Kick-Ass kicked off the big name films opening at SXSW on Friday night, and the stars still managed to make it to the Convention Center for Saturday's first major panel, "The Kick-Ass Cast Can't See Through Walls But They Can Kick Your Ass."
It was quite a cadre: John Romita Jr. and Mark Millar (the artist and writer of the original comic), director Matthew Vaughn, plus stars Aaron Johnson (Kick-Ass), Christopher Mintz-Plasse (Red Mist) and Chloe Moretz (Hit Girl).
Millar's last comic-to-movie adaptation, Wanted, was a big disappointment to fans of the original (it could have been a worse calling card, Millar added: "It was a film with Angelina Jolie in it.") Meanwhile, Vaughn said, "I was reading a lot of superhero scripts like Thor and X-Men 3, and they all felt the same to me." After a mutual friend put them in contact, they spent four hours on the phone and decided to work on a project together. Sorting through his creator-owned material, Millar initially looked at his Bible sequel American Jesus ("I thought, 'The Bible sold pretty well, and I want a bit of that," he noted) but Kick-Ass leaped to the top of the list.

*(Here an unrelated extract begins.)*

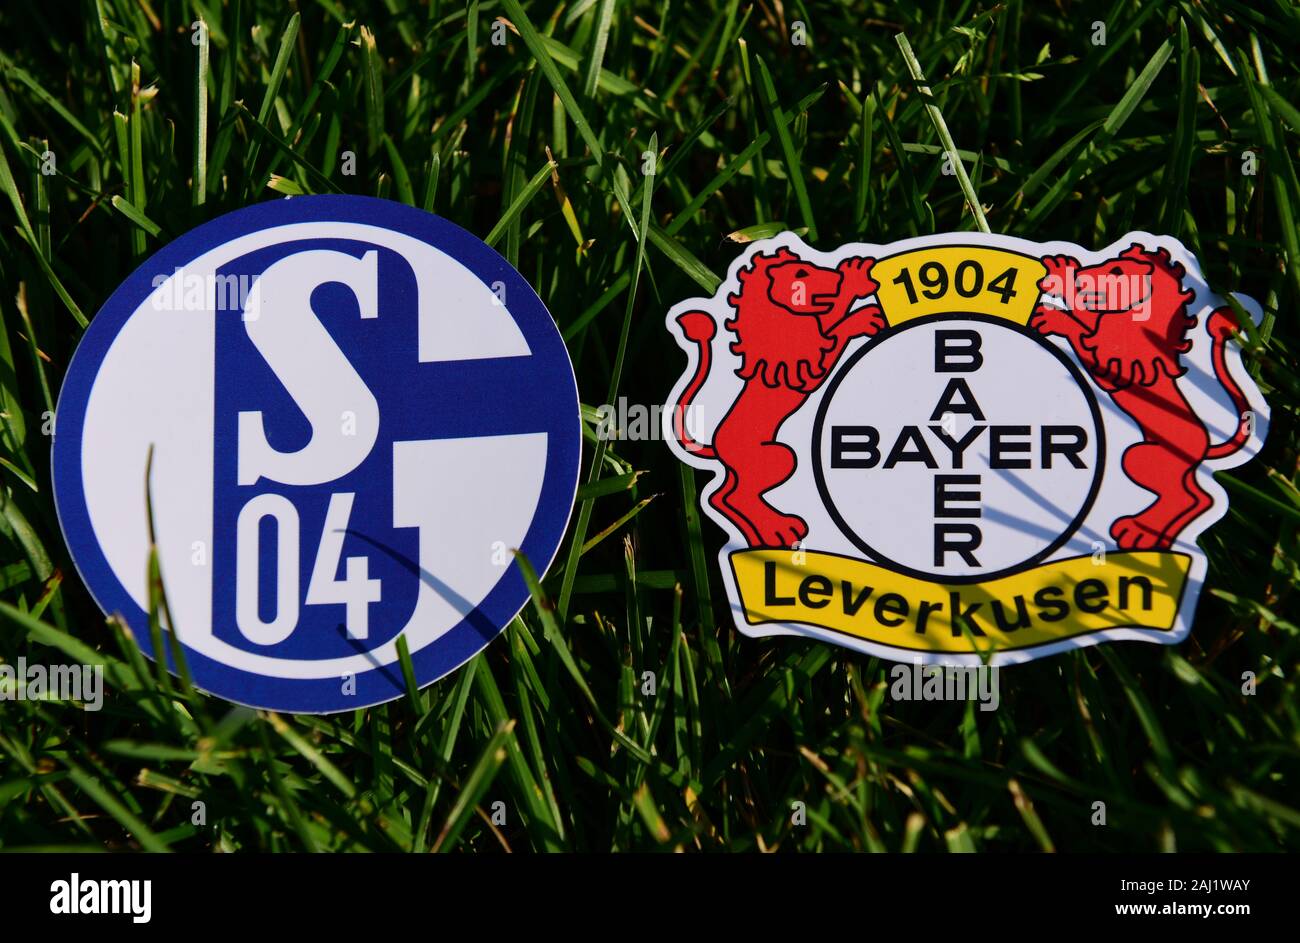 September 6, 2019, Munich, Germany. Emblems of German football clubs Bayer Leverkusen and Schalke 04 Gelsenkirchen on the green lawn Stock Photo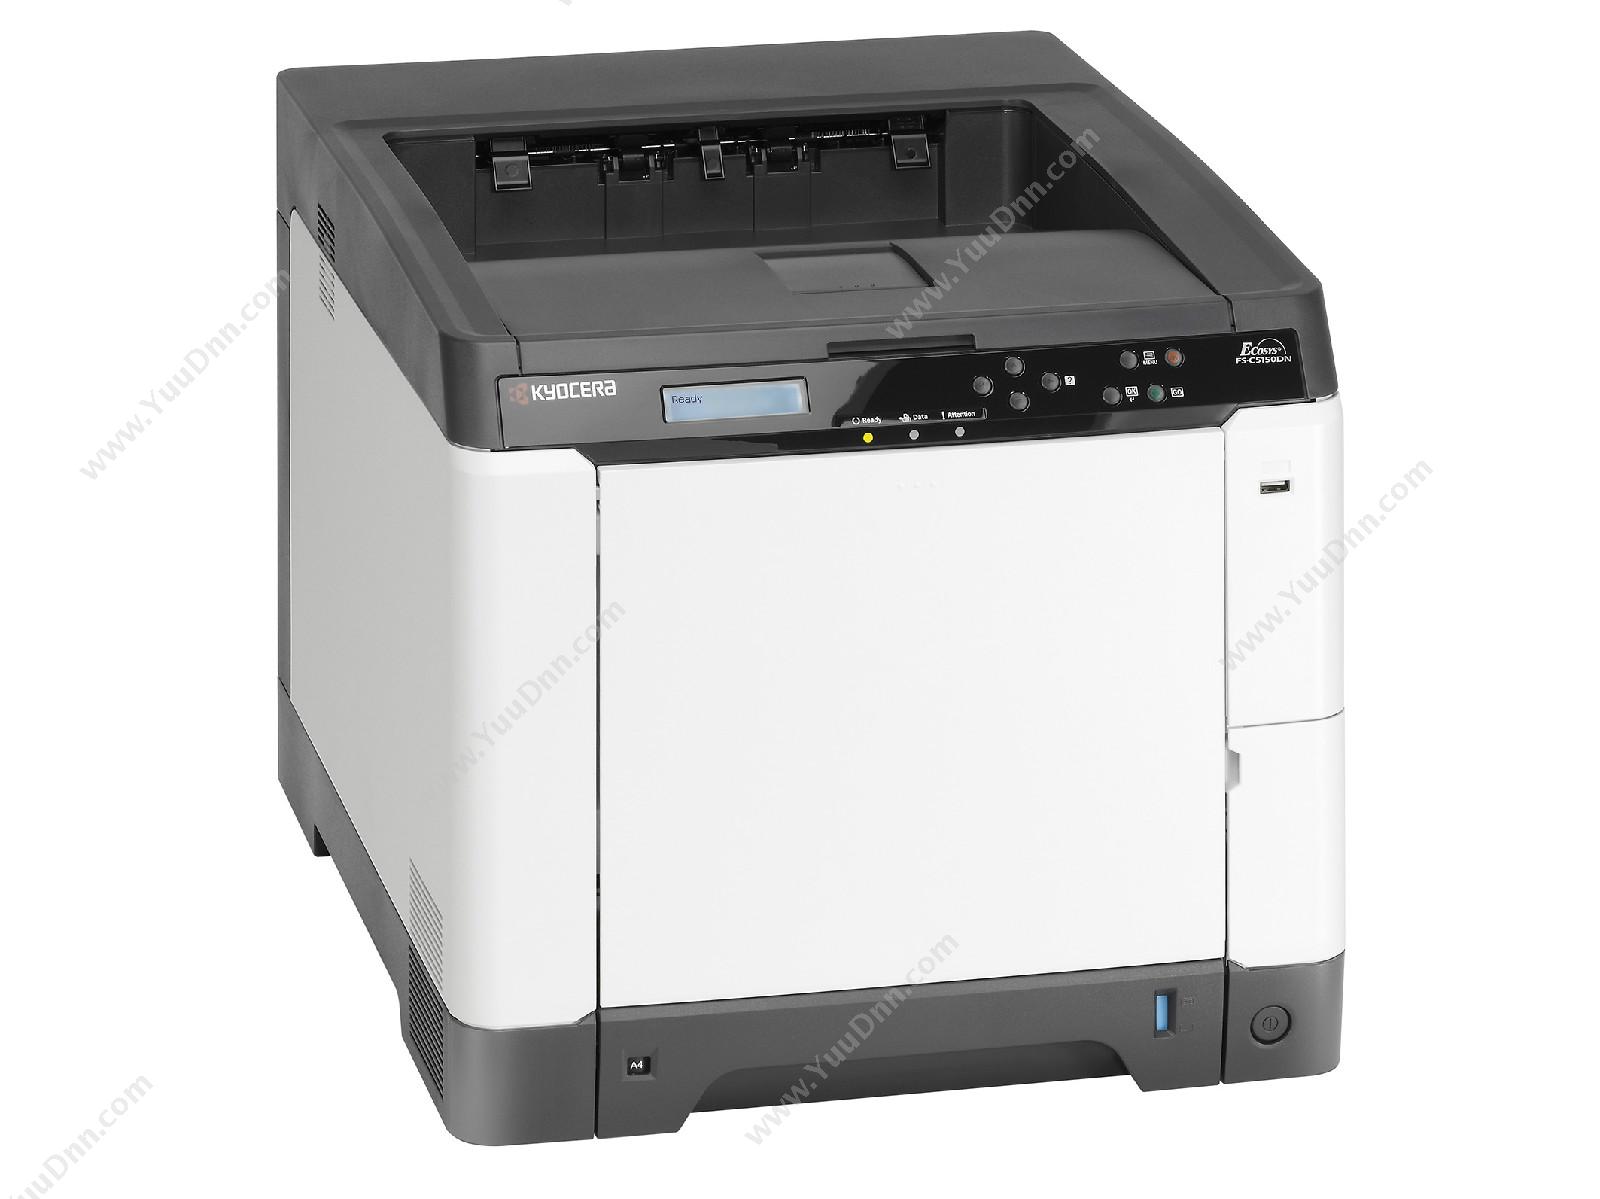 京瓷 KyoceraFS-C5150DN彩色A4幅面A4黑白激光打印机

Cue studio problems. Vaughn said, "The studios that were intrigued by it said we'll do it, but only if you get rid of Hit Girl and make it a PG." Of course, that wasn't going to happen, so instead they made arguably the biggest truly indie movie of the year. The big upside was that there was no studio involvement or agents whatsoever. The downside was, Millar admitted, they didn't get their (fever-)dream casting ("My entire idea was that any guy would pay $10 to see someone beat the shit out of Zac Efron," said the writer.) But since it was all effectively self-funded and self-produced, filmed in London and done as a close collaboration between Vaughn, Romita and Millar, they got the film they wanted on their terms.
That meant keeping Hit Girl: If you know the ultra-violent comic or have seen the infamous red band trailer, you'll know why there's no Kick-Ass without Hit Girl, the pint-sized pummeller of the picture. Out of the entire cast, Moretz had the most demanding training. Aside from acquiring handy skills like learning how to field-strip a gun, she said, "They made me really crazy-fit. They made me do 1000 crunches a night."
"Basically," added Johnson, "she became a marine."
So what about the seemingly inevitable right-wing backlash? Vaughn had eleven words for ya. "If you haven't seen it, I'm not interested in your opinion."